Вендиго - Блэквуд Элджернон Генри - Страница 3
- Предыдущая
- 3/18
- Следующая
Симпсон видел все это впервые; изо всех сил налегая на весла танцующего на волнах каноэ, он завороженно любовался суровой красотой здешней природы. Сердце его наслаждалось свободой и простором; легкие жадно вбирали прохладный, хрусткий, душистый воздух. Дефаго на корме, то и дело напевавший себе под нос обрывки народных песен, небрежно правил суденышком из березовой коры, точно погонял лошадь или осла, и весело отвечал на вопросы своего спутника. Оба были в приподнятом настроении. В такие минуты между людьми обычно стираются все поверхностные, светские различия; они становятся партнерами, стремящимися к общей цели. Симпсон, наниматель, и Дефаго, работник, оказавшись во власти первобытных сил, стали просто двумя людьми, «ведущим» и «ведомым». Тот, кто обладал бо́льшими знаниями, разумеется, взял на себя роль руководителя, а юноша, не задумываясь, занял подчиненное положение. Он и не думал возражать, когда Дефаго отбросил слово «мистер» и стал обращаться к нему не иначе как «слышь, Симпсон» или «шеф». К тому времени когда они прогребли двенадцать миль против крепкого ветра и наконец пристали к берегу, это успело войти у него в привычку; поначалу Симпсон улыбался, радуясь такому панибратскому обращению, а затем вовсе перестал его замечать.

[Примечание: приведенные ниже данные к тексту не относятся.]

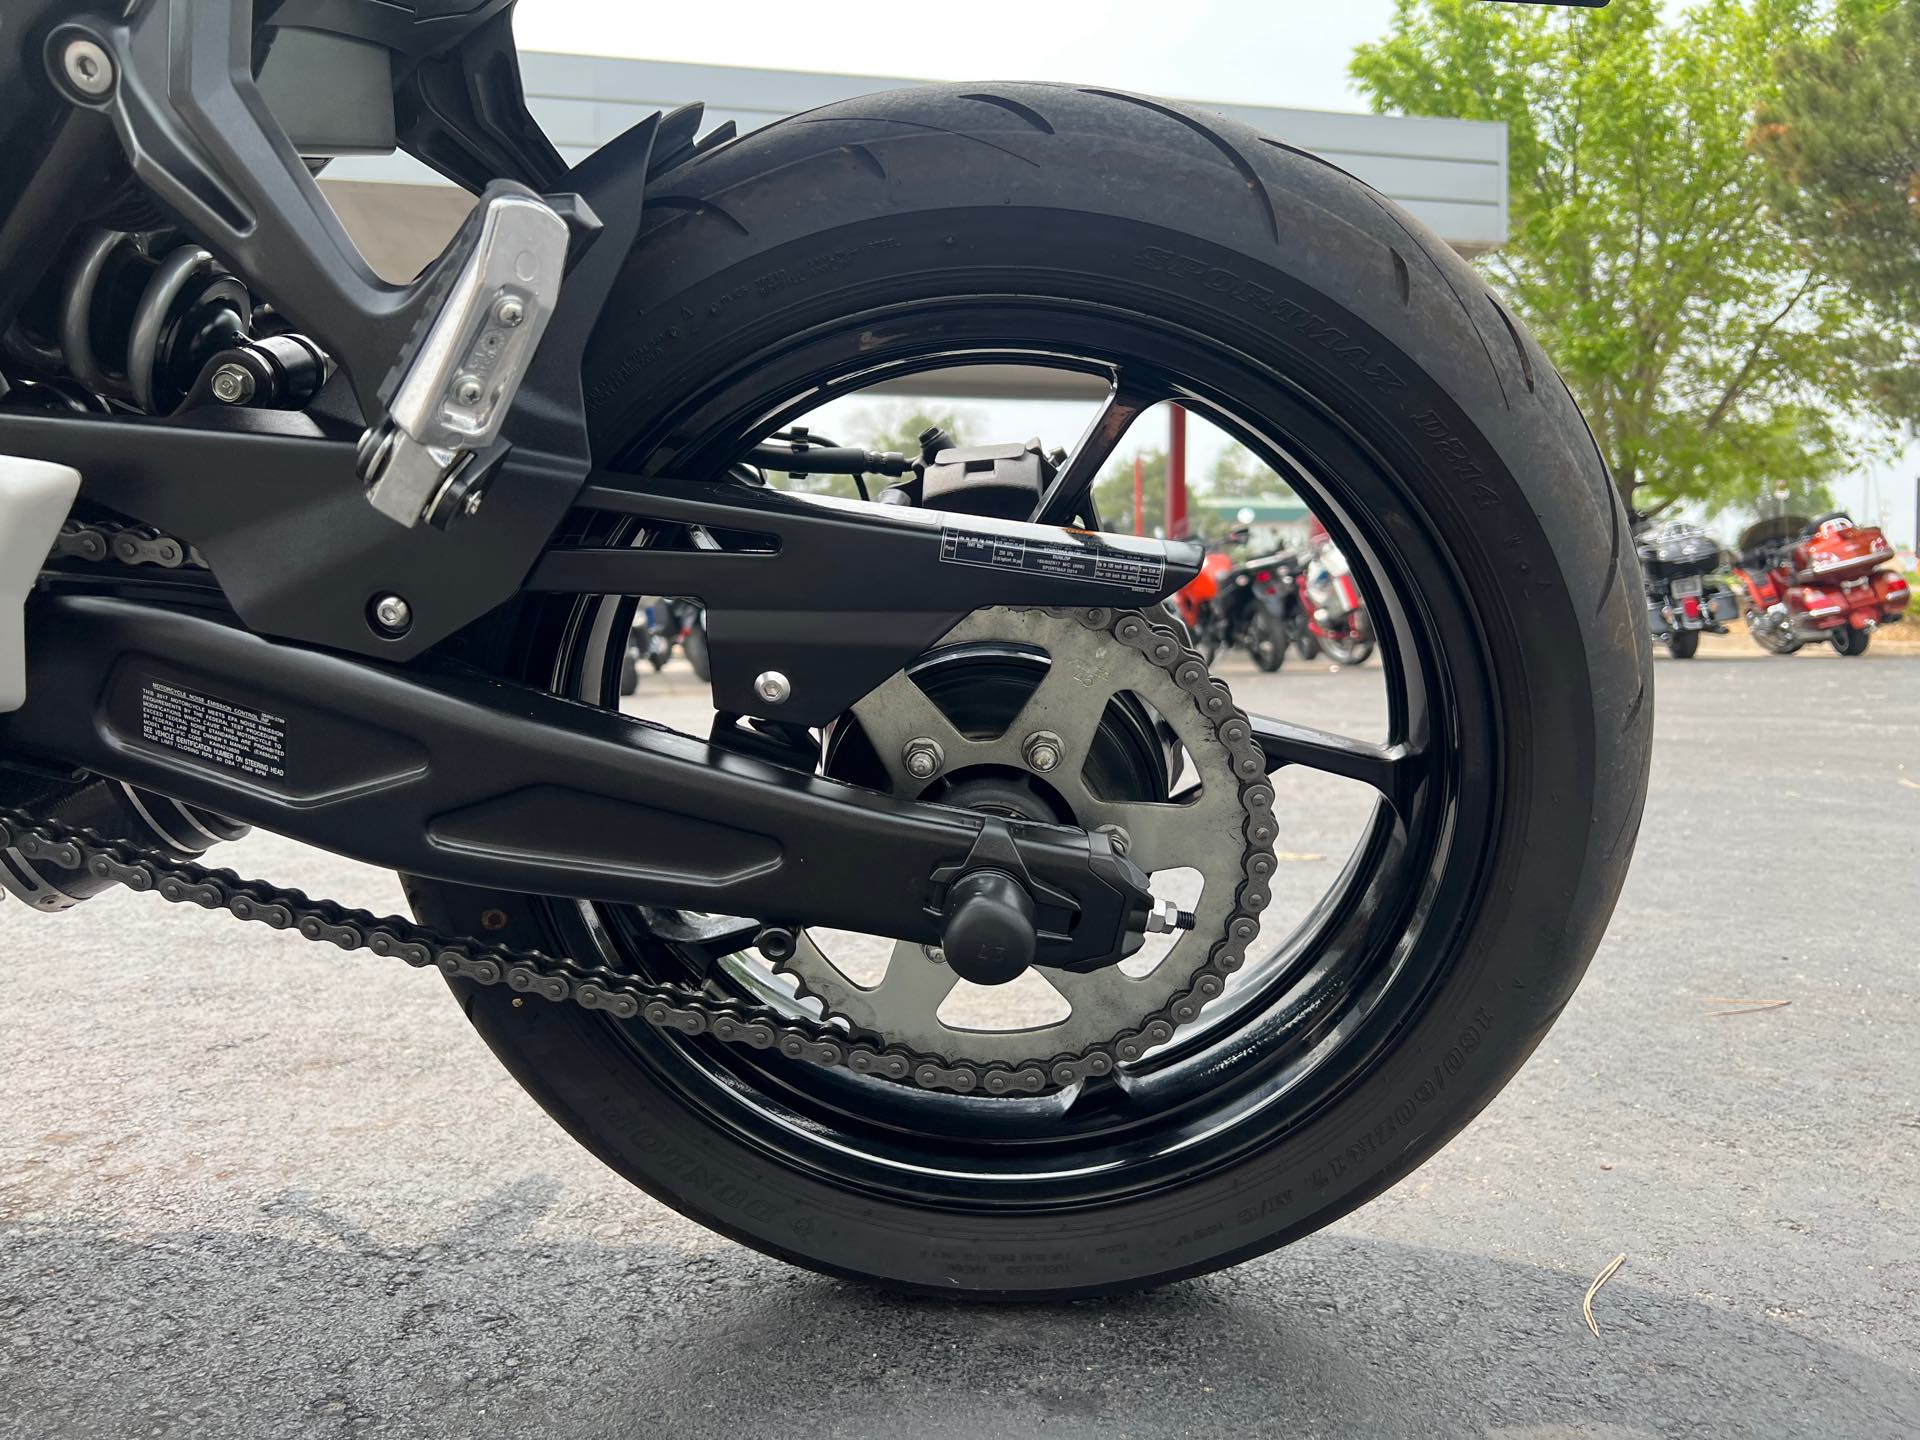 2017 Kawasaki Ninja 650 Base at Aces Motorcycles - Fort Collins

Дело в том, что наш «студент-богослов» был юношей разносторонним и не робкого десятка, хотя, конечно, не успел еще толком поездить по миру. До сих пор он путешествовал лишь по своей стране и пару раз побывал в Швейцарии; грандиозное величие природы в этой поездке не на шутку его потрясло. Он понял, что одно дело – слушать рассказы о древних первобытных лесах и совсем другое – увидеть их собственными глазами. А уж тесное личное знакомство с дикой природой и вовсе можно назвать испытанием, способным заставить любого неглупого человека пересмотреть свое мировоззрение и принципы, которые он до тех пор полагал священными и непреложными.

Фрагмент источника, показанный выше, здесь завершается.